2.7. The board meeting decides the exclusion of a member. The excluded member shall be notified about the resolution of the board meeting about the exclusion and its reasons in writing. If exclusion of a member is decided by the board, the member may demand that exclusion be decided on the next general meeting.
2.8. If a membership terminates during 12 months´ period since receiving the invoice for the membership, the membership fee shall be paid by the member for the whole period.
3. Rights and obligations of the members of the Organisation
3.1. A member has the right to:
3.1.1. elect one person as its representative in the Organisation;
3.1.2. participate and vote on the general meeting of the Organisation;
3.1.3. name a representative who in person is to be elected to the board of the Organisation or other bodies;
3.1.4. receive information about the activity of the Organisation from the board and other bodies;
3.1.5. make proposals, queries, objections to the board of the Organisation, as well as receive answers;
3.1.6. participate on the events organized by the Organisation.

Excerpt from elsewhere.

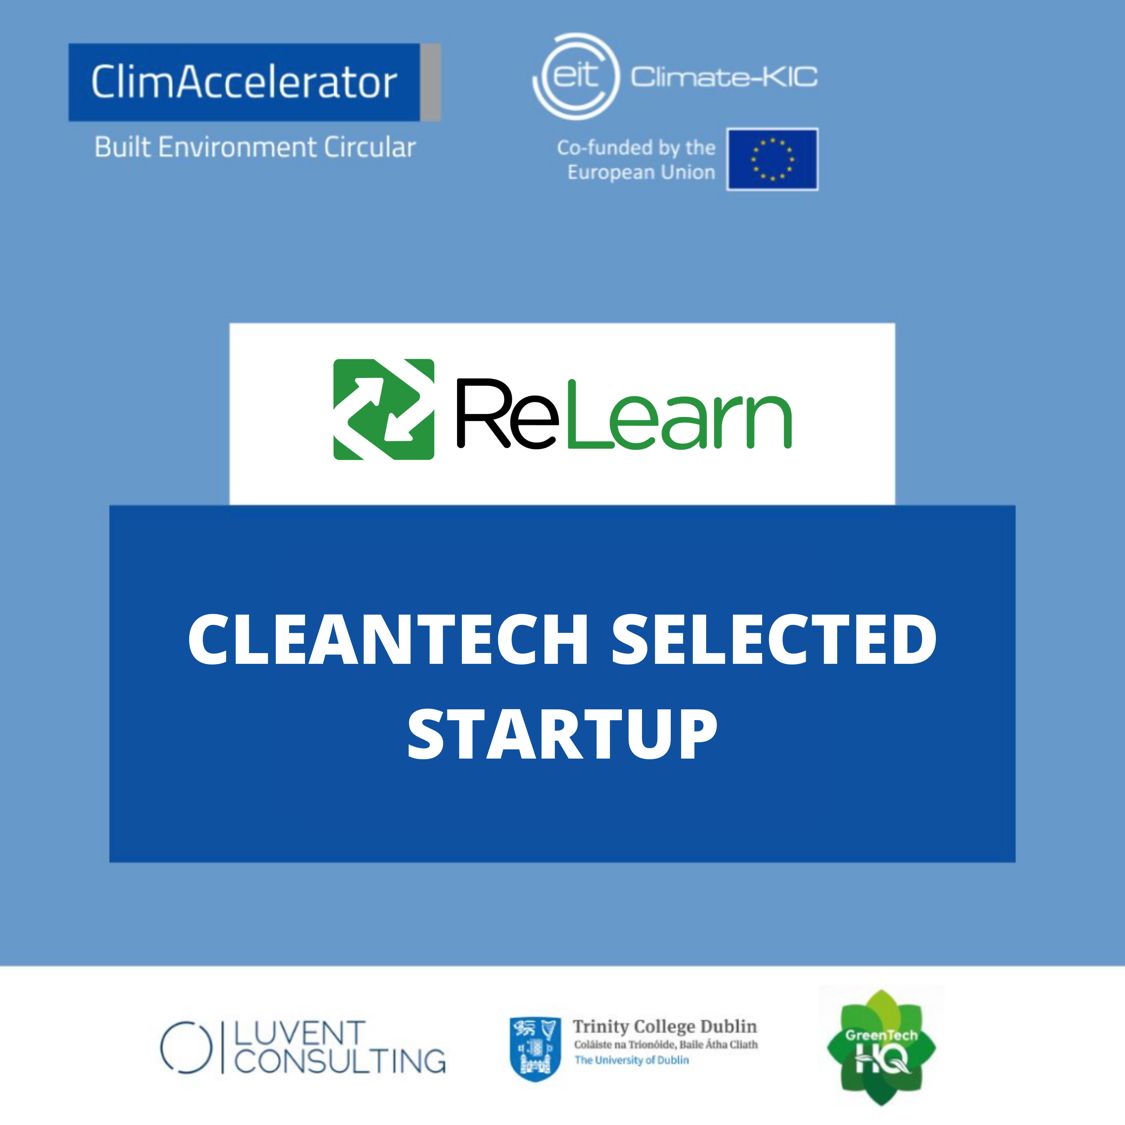 ReLearn selected for the Built Environment Circular ClimAccelerator programme

3.2. Each member has one vote. The member may use his voting right through an authorized representative pursuant to the Power of Attorney.
3.3. Member shall be committed to:
3.3.1. comply with the Articles and resolutions of the bodies of the Organisation;
3.3.2. pay membership fee in the sum and in due date as prescribed by the general meeting, unless the Articles prescribe otherwise;
3.3.3. inform the board, for keeping the registry of the members of Organization, its contact details and personal identification code or registry code and provide new details no later than 2 months after their alteration;
3.3.4. pay membership fee for the annual financial year by the due date prescribed on the invoice;
126.96.36.199. if the person joining the Organisation joins during the first half of the financial year, the person joining is obliged to pay the membership fee in full and in a sum as stated in clause 3.3.4. This does not free the member from the obligation to pay the following periodical membership fees as stated in clause 3.3.4.
188.8.131.52. If the person joining the Organisation joins during the second half of the financial year, the person joining is obliged to pay the first membership fee in a sum, which is in coherence with ½ of the membership fee as stated in clause 3.3.4. This does not free the member from the obligation to pay the following periodical membership fees as stated in clause 3.3.4.
3.4. Additional financial obligation besides membership fee may be imposed only on all members equally on the basis of resolution of the general meeting if more than half of the members are in favour of it.
4. General meeting of the Organisation
4.1. The highest body of the Organisation is the general meeting where each member has one vote.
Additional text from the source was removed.